I had the opportunity to contribute insights and review early drafts of "Innovative Agricultural Finance and Risk Management: Strengthening Food Production and Trade in the Transition Region" — a working paper published by the Food and Agriculture Organization of the United Nations (FAO) in collaboration with the European Bank for Reconstruction and Development (EBRD), prepared under their joint cooperation framework.
The paper was authored by Lamon Rutten, whose work sits at the intersection of agriculture, finance, and trade in developing and transition economies. My contribution focused on Annex 15, which examines a financial innovation I had worked on directly: the Agricultural Repo Contracts traded on the Colombian Commodity Exchange (Bolsa Mercantil de Colombia, BMC).
What Agricultural Repos Do
Agricultural repo contracts are repurchase agreements that use physical commodities — grains, coffee, oilseeds — as collateral for short-term financing. In practice, they allow farmers, traders, and processors to access working capital without having to liquidate inventory at unfavorable prices.
The key features that made the BMC model distinctive:
- Commodity-secured financing — Collateral is held in certified warehouses and managed by the exchange, giving lenders enforceable recourse without requiring land or fixed assets.

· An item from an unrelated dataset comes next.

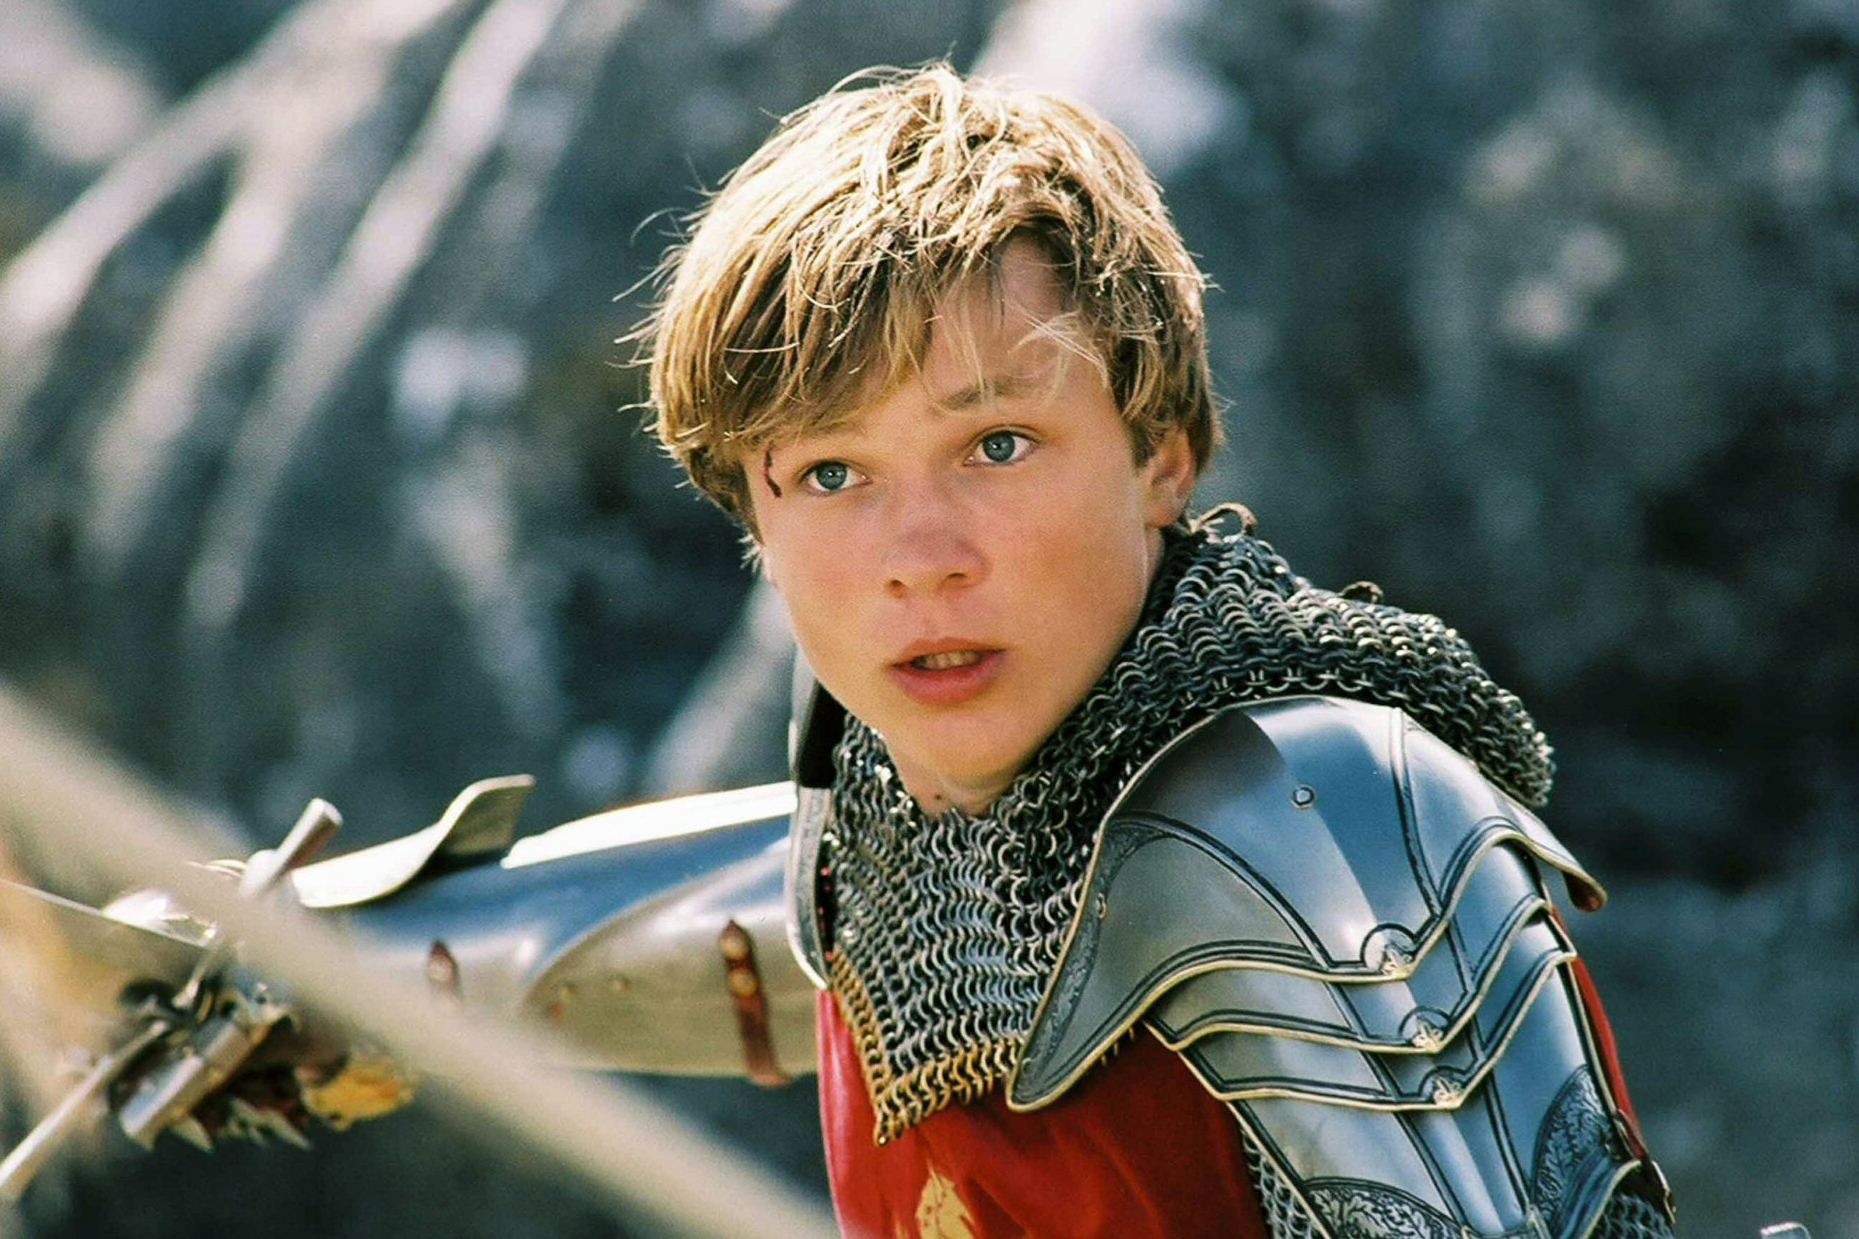 William Moseley as Peter Pevensie in The Chronicles of Narnia: The Lion, the Witch and the Wardrobe.

- Market-based pricing — Commodity values are marked to transparent exchange prices, reducing the information asymmetries that typically inflate the cost of agricultural credit.
- Accessible structure — Designed for small and medium producers who lack the collateral base to access traditional bank lending.

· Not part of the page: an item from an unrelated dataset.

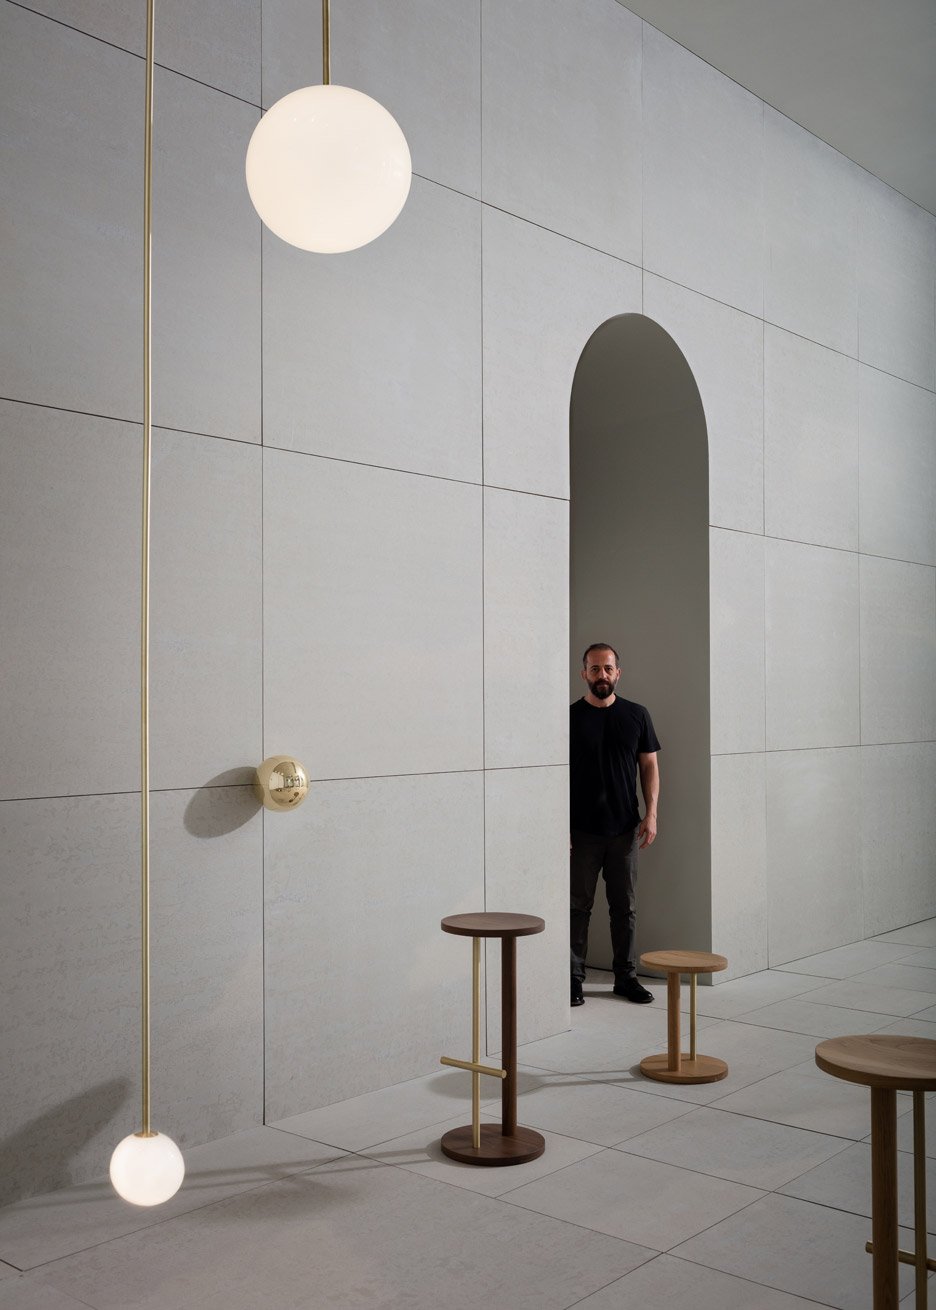 The Double Dream of Spring product exhibition by Michael Anastassiades for Herman Miller at Milan Design Week 2016

Why It Matters Beyond Colombia
The FAO/EBRD paper examined how the Colombian experience could inform similar mechanisms in Eastern Europe and Central Asia — transition economies where agricultural finance infrastructure is underdeveloped and the gap between farmers and formal capital markets remains large.

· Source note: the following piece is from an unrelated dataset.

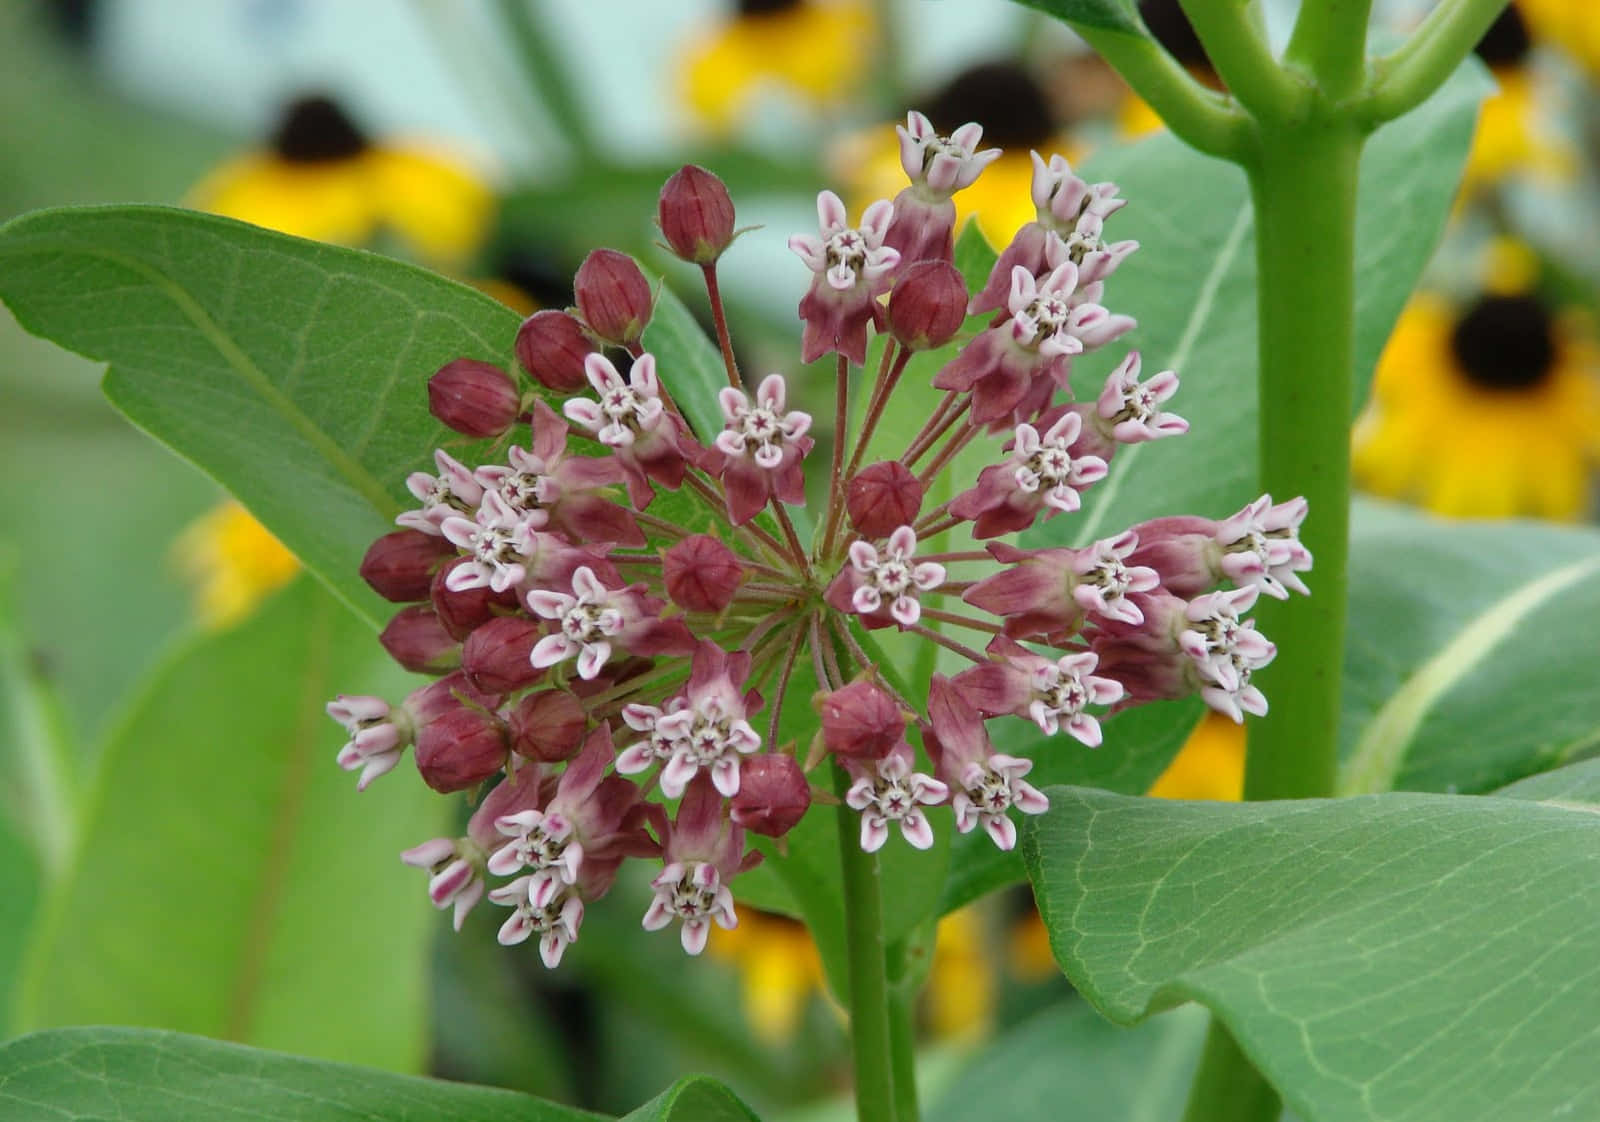 "The vibrant colors of a Milkweed plant captured in all its glory"

The lesson that traveled well: when commodity exchanges serve as trusted intermediaries — providing warehouse certification, price discovery, and contract enforcement — agricultural finance markets can develop faster and deeper than through bank-led credit expansion alone. The infrastructure of the exchange substitutes for the collateral and information infrastructure that borrowers in developing markets rarely have.